R.C. 4123.35(0) (ninth paragraph).
{¶ 36} By its plain language, this provision preserves an injured employee’s rights as they existed prior to September 17,1996 — the effective date of Sub.H.B. No. 245, 146 Ohio Laws, Part II, 2955, which first introduced provisions substantially similar to those now contained in R.C. 4123.35(0), id. at 2971-2976. Then, as now, a worker who was injured on the job and who received workers’ compensation benefits from his employer’s participation in the workers’ compensation system could sue a tortfeasor who was employed by a different employer, subject to the subrogation rights of the workers’ compensation administrator or a self-insuring employer.
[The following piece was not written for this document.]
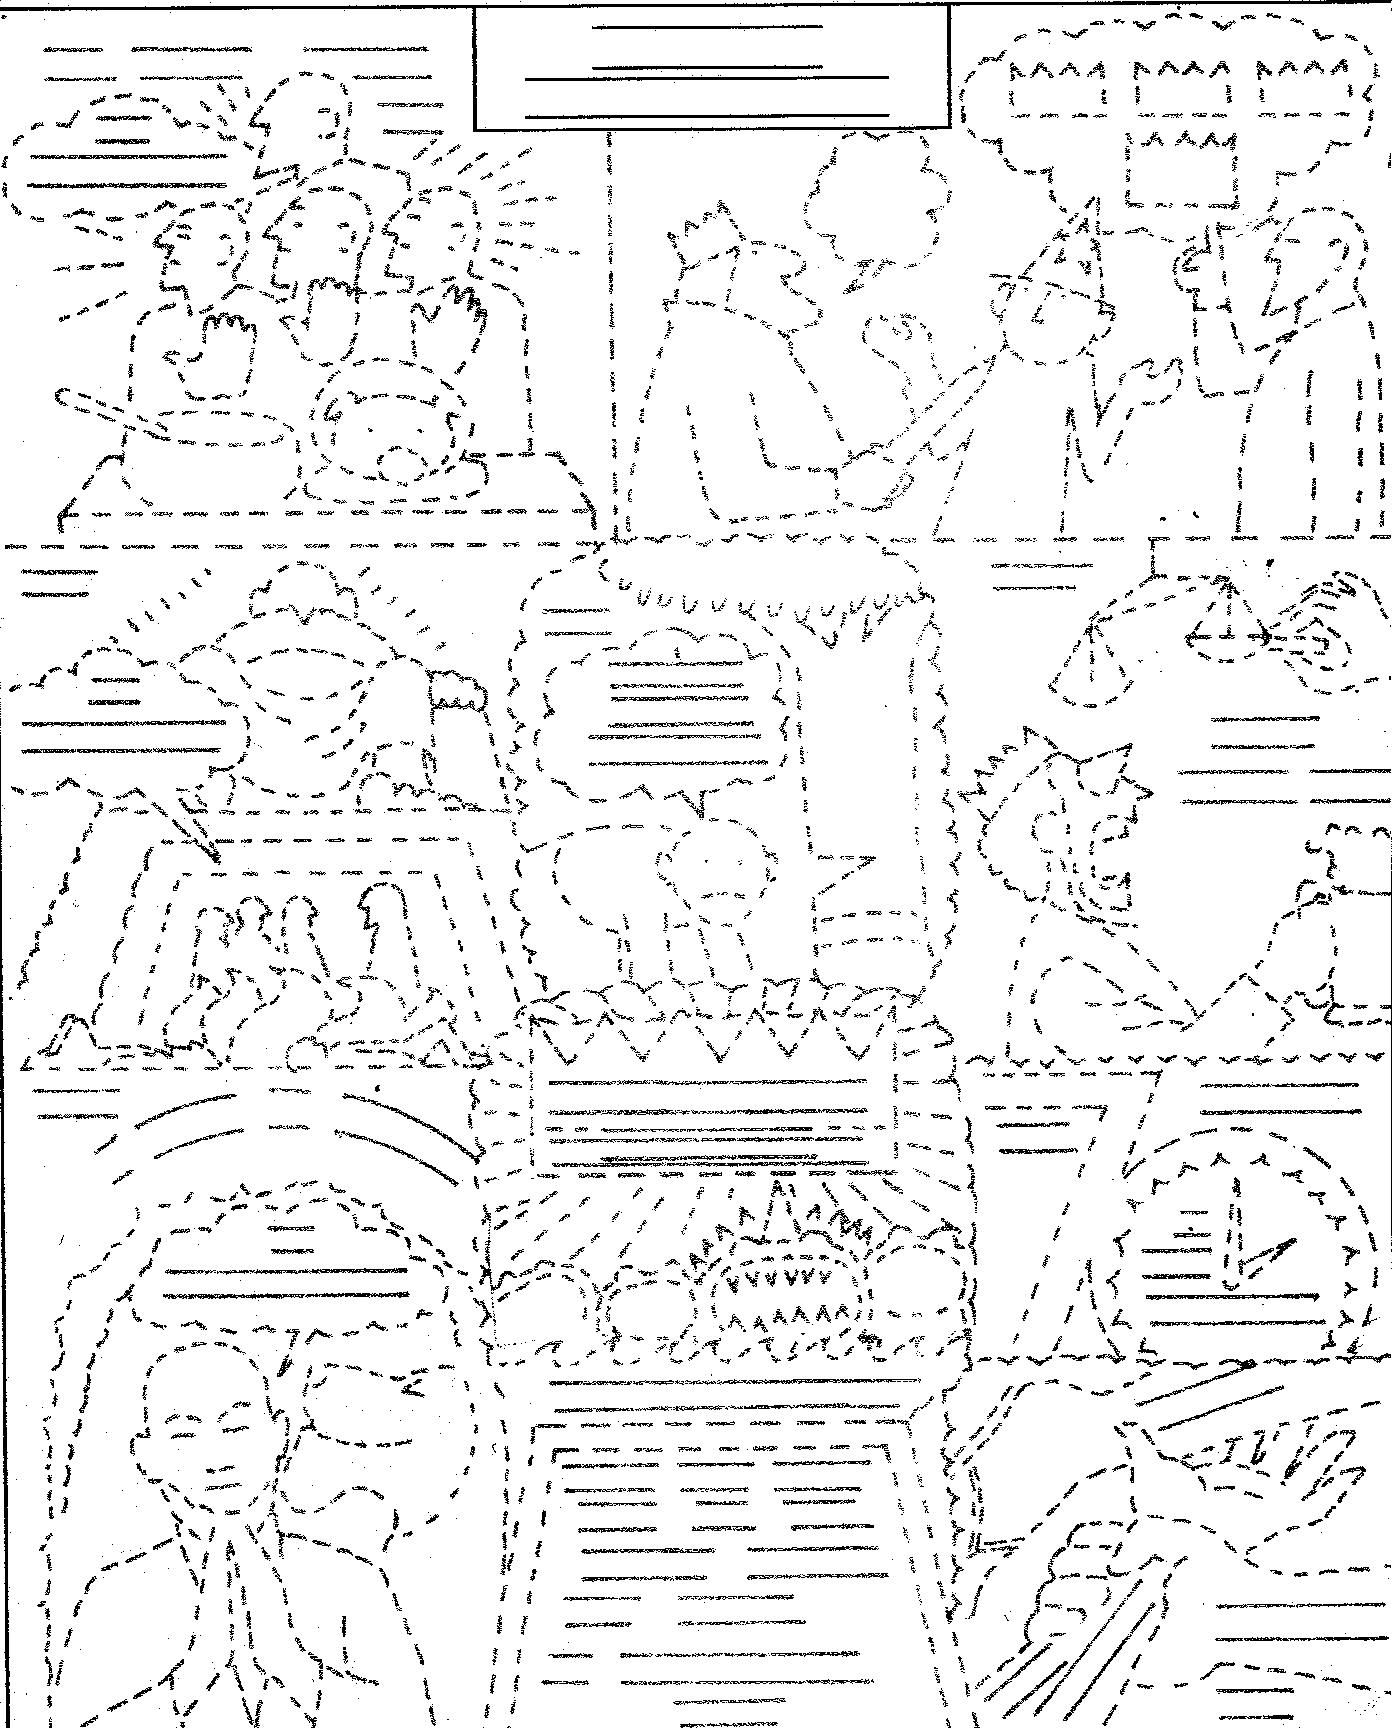 blog bible daniel 001 - Gideon Bible Story Coloring Pages
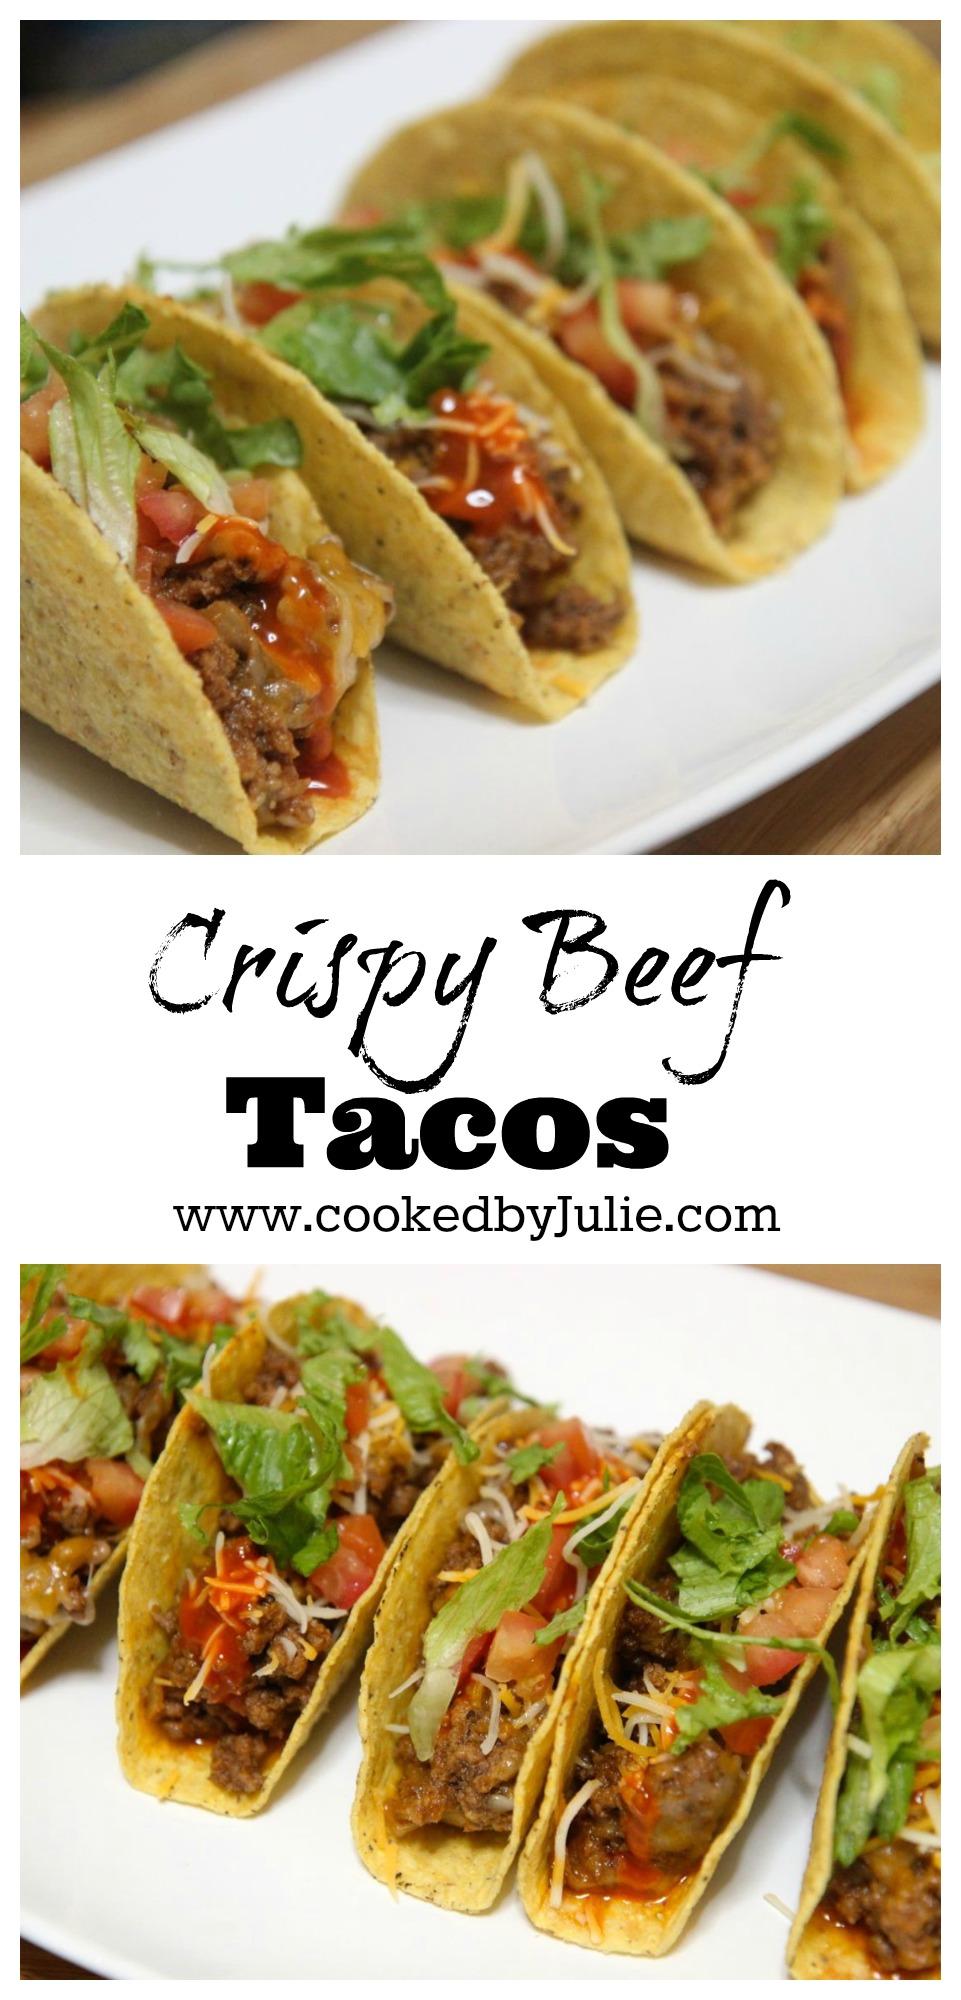 Crispy Beef Tacos | Easy Taco Night Recipe | Homemade Tacos

See R.C. 4123.931 (enacted in 1995, Am.Sub.H.B. No. 278, 146 Ohio Laws, Part II, 3581, 3595-3597; setting forth rights of subrogation with respect to a workers’ compensation claimant’s claims against third-party tortfeasors); R.C. 4123.93 (defining claimant, statutory subrogee, and third party for purposes of subrogation provision). Therefore, an injured employee of one enrolled contractor or subcontractor may sue an employee of another enrolled contractor or subcontractor who caused the injury, as if the legal fiction created in R.C. 4123.35(0) did not exist.
{¶ 37} In short, based on a comprehensive reading of the relevant provisions, I disagree with the majority’s ultimate holding that R.C. 4123.35(0) and 4123.74 preclude the employees of one enrolled contractor or subcontractor from suing in tort employees of another contractor or subcontractor — and recovering from the *292other contractor or subcontractor under respondeat superior principles. Because I would answer the certified question in the negative, I dissent.
Goodson & Co. and Brett C. Goodson, for respondent.
Kohnen & Patton, L.L.P., and Colleen M. Blandford, for petitioner J & B Steel Erectors, Inc.
Patsfall, Yeager & Pflum, L.L.C., Susan M. Falyer, Stephen M. Yeager, and Stephen J. Patsfall, for petitioners D.A.G. Construction Co., Inc., and TriVersity Construction Co., L.L.C.
Green & Green, Jane M. Lynch, and Jared A. Wagner, for petitioner Messer Construction Co.
Pfeifer, J., concurs in the foregoing opinion.